Aqr On Momentum

Aqr On Momentum

Aqr On Momentum

Cliff Asness, Andrea Frazzini, Ronen State of Israel too Toby J. Moskowitz receive got a lovely SSRN paper "`Fact, Fiction too Momentum Investing."

The whole momentum literature is then huge, it's difficult to know where to amount up, too this is a non bad place, especially if you're didactics an MBA class. Since they're manifestly a chip conflicted (momentum + value is i of AQR's centre strategies), their emphasis on the elementary facts, which yous (or your students) tin post away replicate from Ken French's databse, is great.

Some "Myths,"

Myth #1: Momentum returns are likewise “small too sporadic”. Like whatever factor, it's non an aribtrage opportunity.
The render premium is evident inwards 212 years (yes, this is non a typo, 2 hundred too twelve years of information from 1801 to 2012) of U.S. of A. equity data

So, to amount up, who yous calling pocket-sized too sporadic?
Influenza A virus subtype H5N1 writing mode to a greater extent than bold than my own.
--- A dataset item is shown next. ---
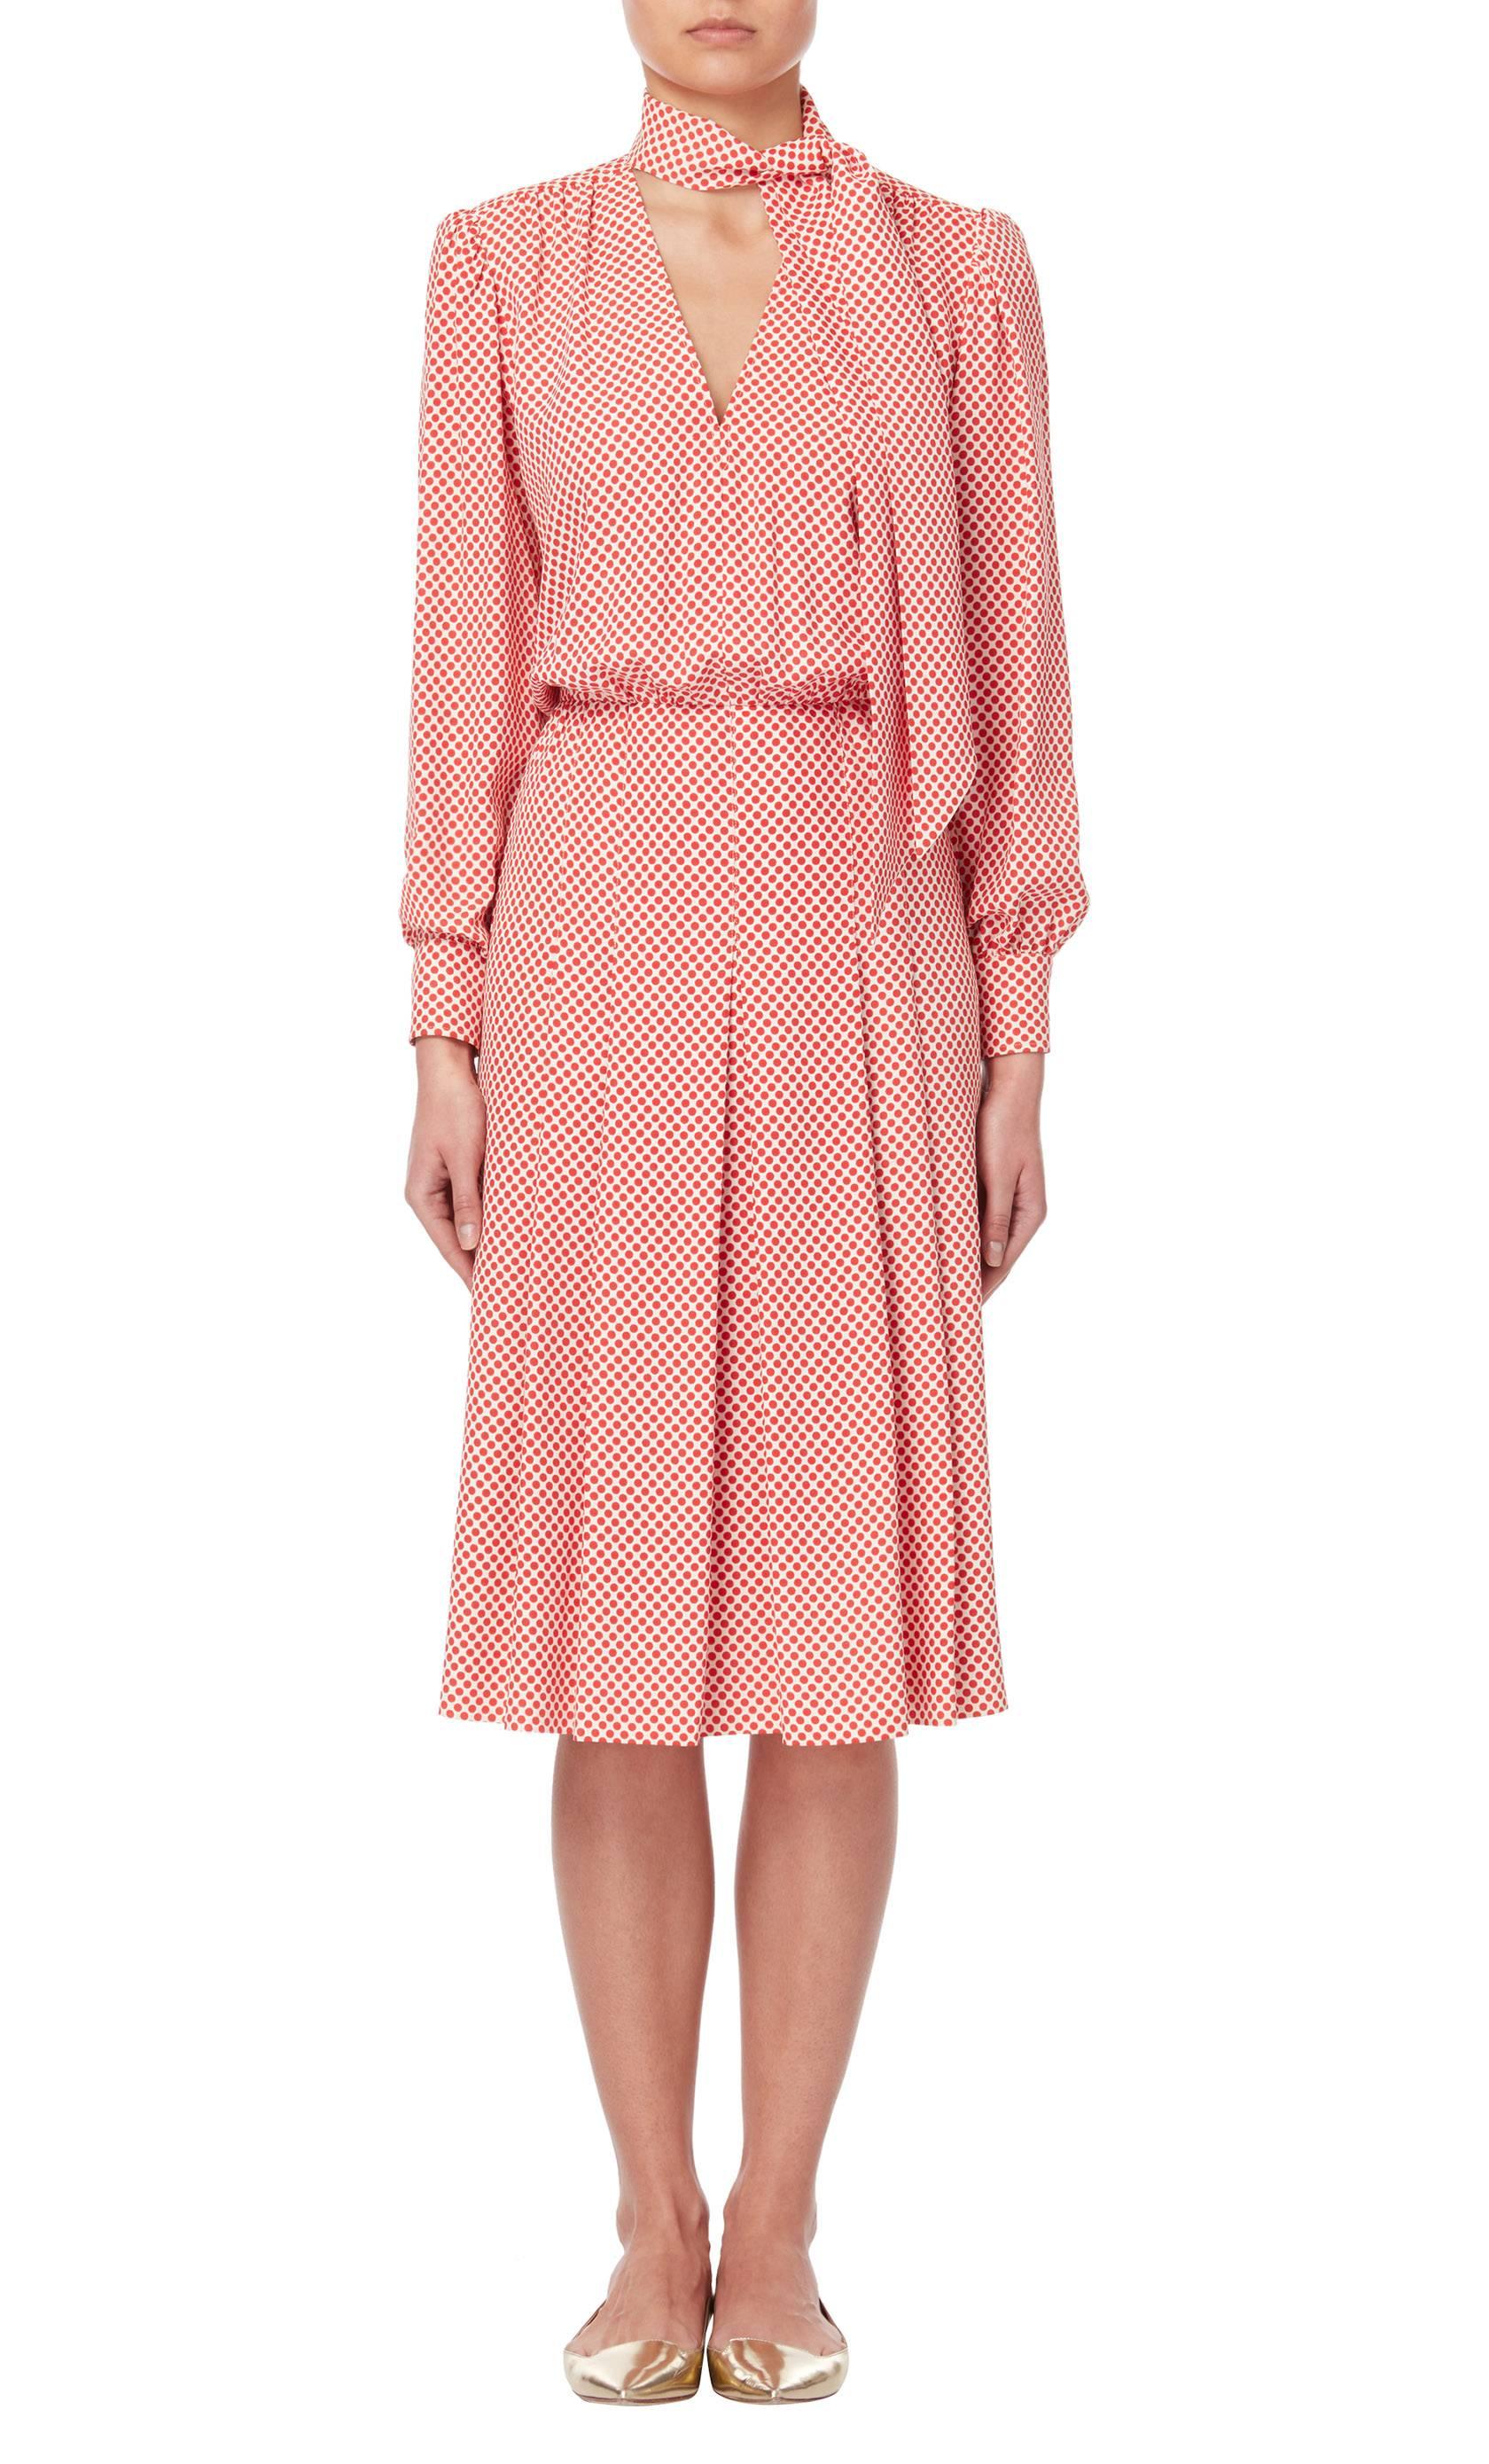 Constructed in ivory and red polka dot print silk, this Yves Saint Laurent dress features a v-neckline and tie detail on the neck. The long sleeves fasten at the cuff with buttons, while the skirt is box pleated to the front.
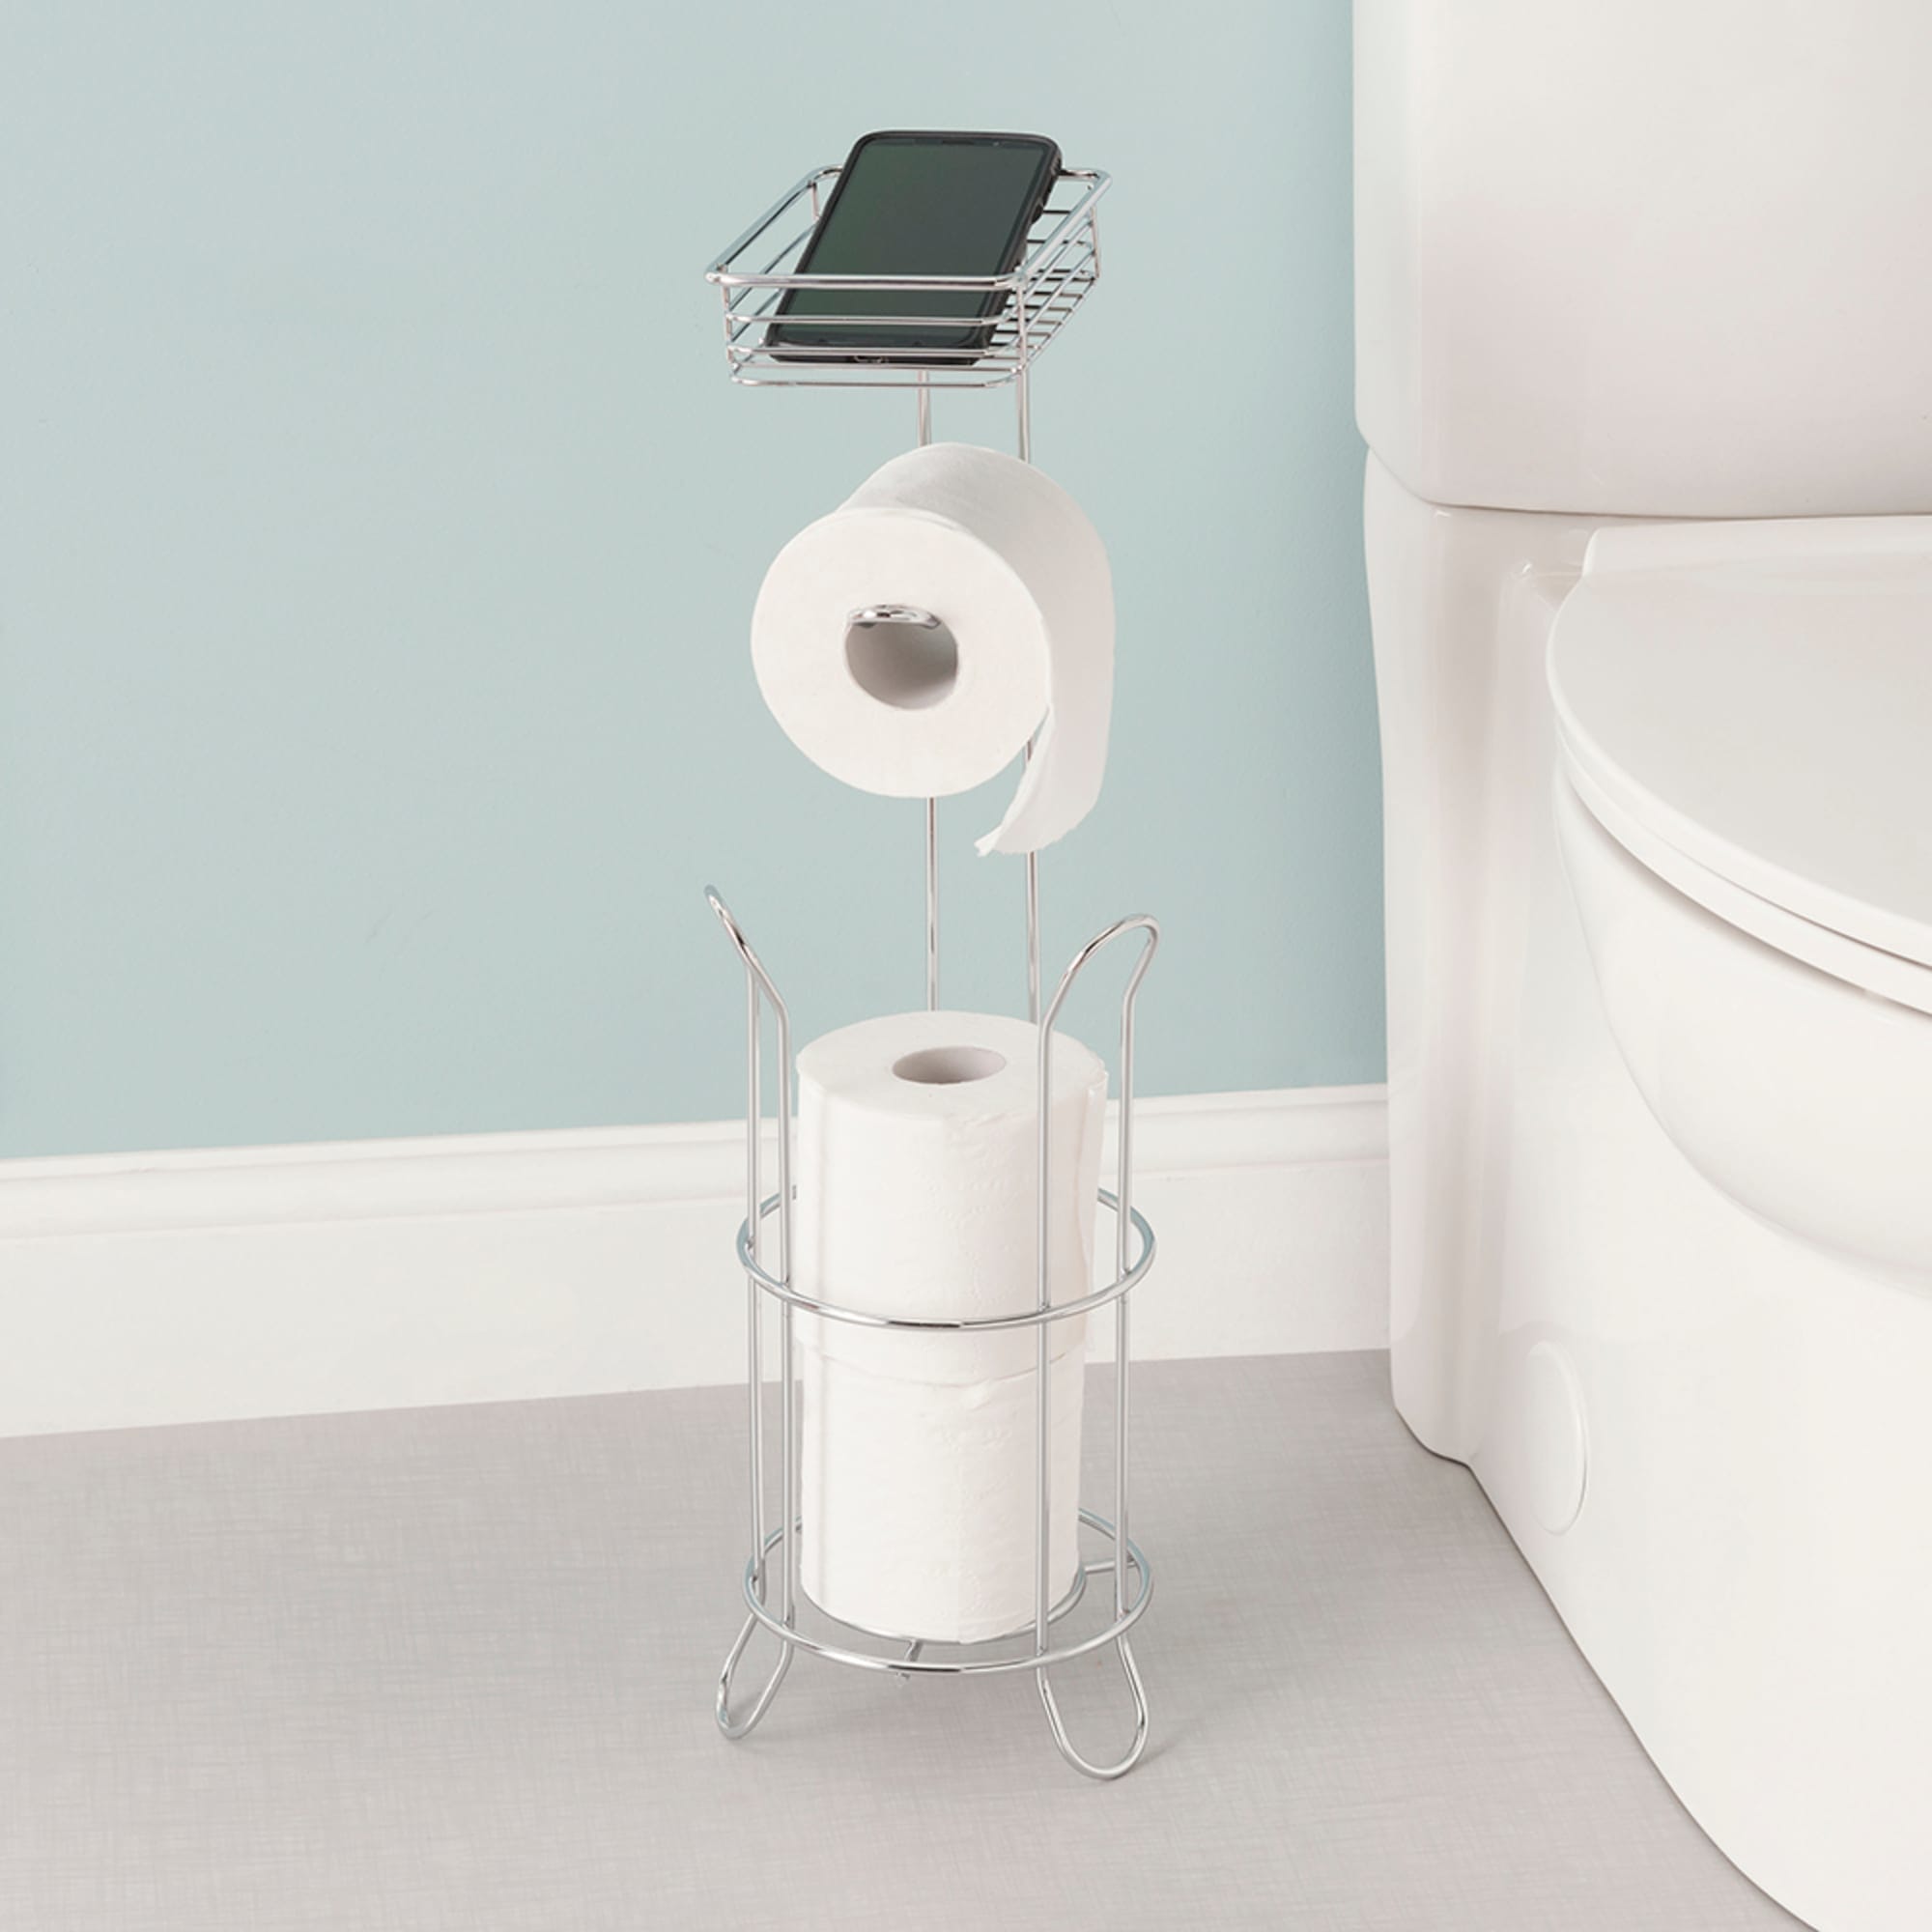 Home Basics Free Standing Dispensing Toilet Paper Holder with Built-in Accessory Tray, Silver $12.00 EACH, CASE PACK OF 6

Myth #2: Momentum cannot live captured yesteryear long-only investors equally “momentum tin post away only
live exploited on the brusk side.

(evidence that the long side industrial plant equally well)

Myth #3: Momentum is much stronger with pocket-sized cap stocks than large caps.
Putting it starkly: in-sample, out-of-sample, calculated inwards Greenwich Connecticut, Chicago, Boston, Palo Alto, Santa Monica, Austin, or inwards the library with a candlestick, wherever or withal yous desire to look, along whatever dimension, those who brand the claim that momentum fails for large caps, spell beingness supporters of value investing, are non merely mistaken, they receive got it backwards.
Myth #4: Momentum does non survive, or is seriously express by, trading costs.
Frazzini, Israel,and Moskowitz (2013), “FIM”, which uses trades from a large institutional investor [hmm, I wonder who that could be] over a long menses of time. . Their decision is that per dollar trading costs for momentum are quite low... 
... Trading patiently (by breaking orders upwards into pocket-sized sizes too setting boundary social club prices that provide, non demand, liquidity) too allowing around tracking error to a theoretical mode portfolio tin post away significantly trim back trading costs... 
Where did this myth come upwards from? ... First, the studies that discovery much larger trading costs produce then because they guess costs for the average investor...which plough out to live virtually 10 times larger than the costs of a large institutional manager,...Second,...these other studies attempt portfolios that produce non consider  transactions costs inwards their design, which tin post away significantly trim back turnover too hence trading costs further. 
This actually is the DFA sales pitch. Momentum, a elementary strategy may work. But if you endeavor to produce it, you'll teach swamped yesteryear trading costs.


Myth #5: Momentum does non function for a taxable investor.

too then on.

This isn't a 100 per centum endorsement. I've seen other cuts of the information that propose other results, especially Fama too French's finding that momentum didn't be 1926-1963, the large left tail of the fiscal crisis, the query whether it's lastly beingness arbitraged away, too Fama too French's prove that it's weaker inwards large stocks, though non absent. I postulate to reconcile all the evidence, too it's soundless a huge projection that I've set off for around other day.

Also, momentum is either large or pocket-sized depending on how yous expect at it. Suppose returns receive got a 0.1 autocorrelation, too thus a 0.01 R2 inwards R_t+1 = a + b R_t + error_t+1. The locomote yesteryear 1/10 of stocks inwards the previous twelvemonth went upwards virtually 50%. The bottom 10% of stocks inwards the previous twelvemonth went downwards virtually 50%. So, a 100% previous twelvemonth render spread, too a 0.01 R2 implies a 10% render spread side yesteryear side twelvemonth -- virtually what nosotros meet inwards the 1-10 momentum portfolios. You mightiness tell that a 0.01 R2 is a tiny chip of forecastability. You mightiness tell that a 10% render spread is a huge phenomenon. They are the same.

But if yous desire i non bad newspaper to read too assign your students virtually momentum, this is it.